Personal information
- Full name: Kevin James Willcock
- Born: 8 March 1973 (age 53) Tavistock, Devon, England
- Batting: Right-handed
- Bowling: Right-arm medium
- Relations: Eric Willcock (father)

Domestic team information
- 1993–1998: Cornwall

Career statistics
| Competition | LA |
| Matches | 2 |
| Runs scored | 26 |
| Batting average | 13.00 |
| 100s/50s | –/– |
| Top score | 25 |
| Balls bowled | 144 |
| Wickets | 2 |
| Bowling average | 47.50 |
| 5 wickets in innings | – |
| 10 wickets in match | – |
| Best bowling | 1/43 |
| Catches/stumpings | 1/– |
- Source: Cricinfo, 17 October 2010

= Kevin Willcock =

English cricketer

Kevin James Willcock (born 8 March 1973) is a former English cricketer. Willcock was a right-handed batsman who bowled right-arm medium pace. He was born at Tavistock, Devon.

Willcock made his Minor Counties Championship debut for Cornwall in 1993 against Devon. From 1993 to 1998, he represented the county in 34 Minor Counties Championship matches, the last of came match against Herefordshire. Willcock also represented Cornwall in the MCCA Knockout Trophy. His debut in that competition came against Devon in 1995. From 1995 to 1998, he represented the county in 7 Trophy matches, the last of which came against Devon.

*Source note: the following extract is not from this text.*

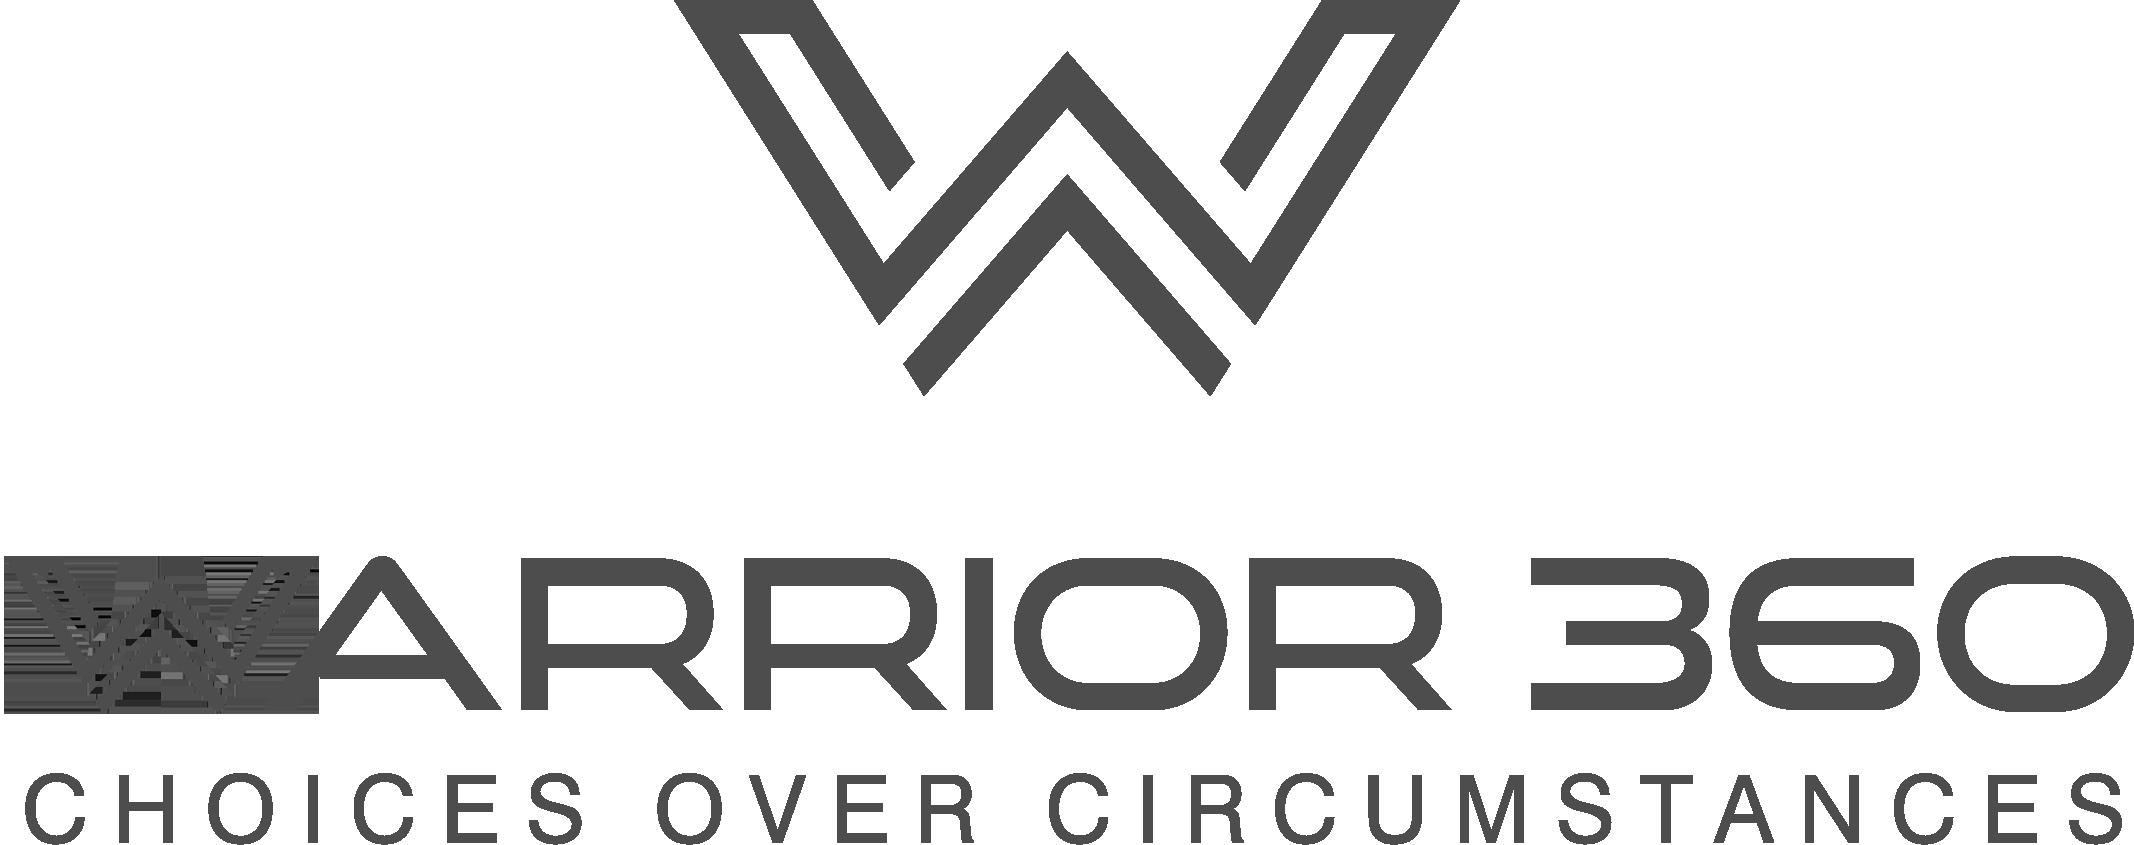 Warrior360logo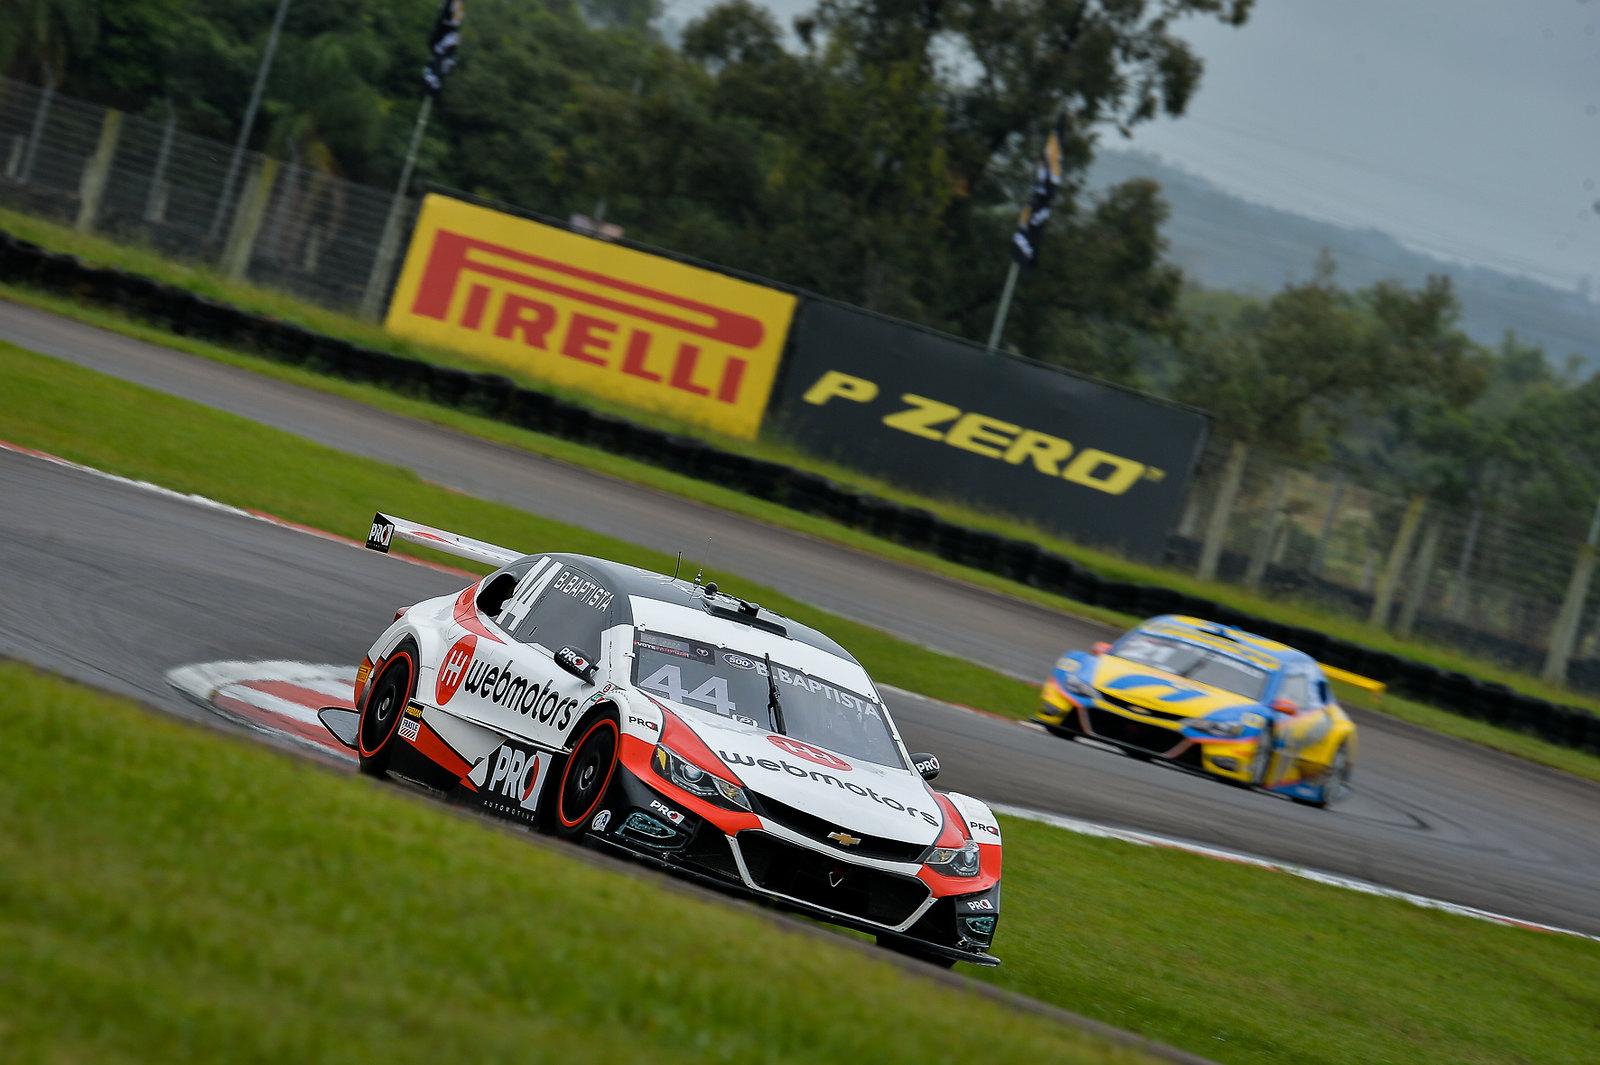 Bruno Baptista, da Webmotors Racing, somou os primeiros pontos no campeonato

Willcock also represented Cornwall in 2 List A matches. These came against Middlesex in the 1995 NatWest Trophy and Warwickshire in the 1996 NatWest Trophy. In his 2 List A matches, he scored 26 runs at a batting average of 13.00, with a high score of 25. In the field he took a single catch. With the ball he took 2 wickets at a bowling average of 47.50, with best figures of 1/43.

==Family==
His father Eric also played List A and Minor Counties for Cornwall.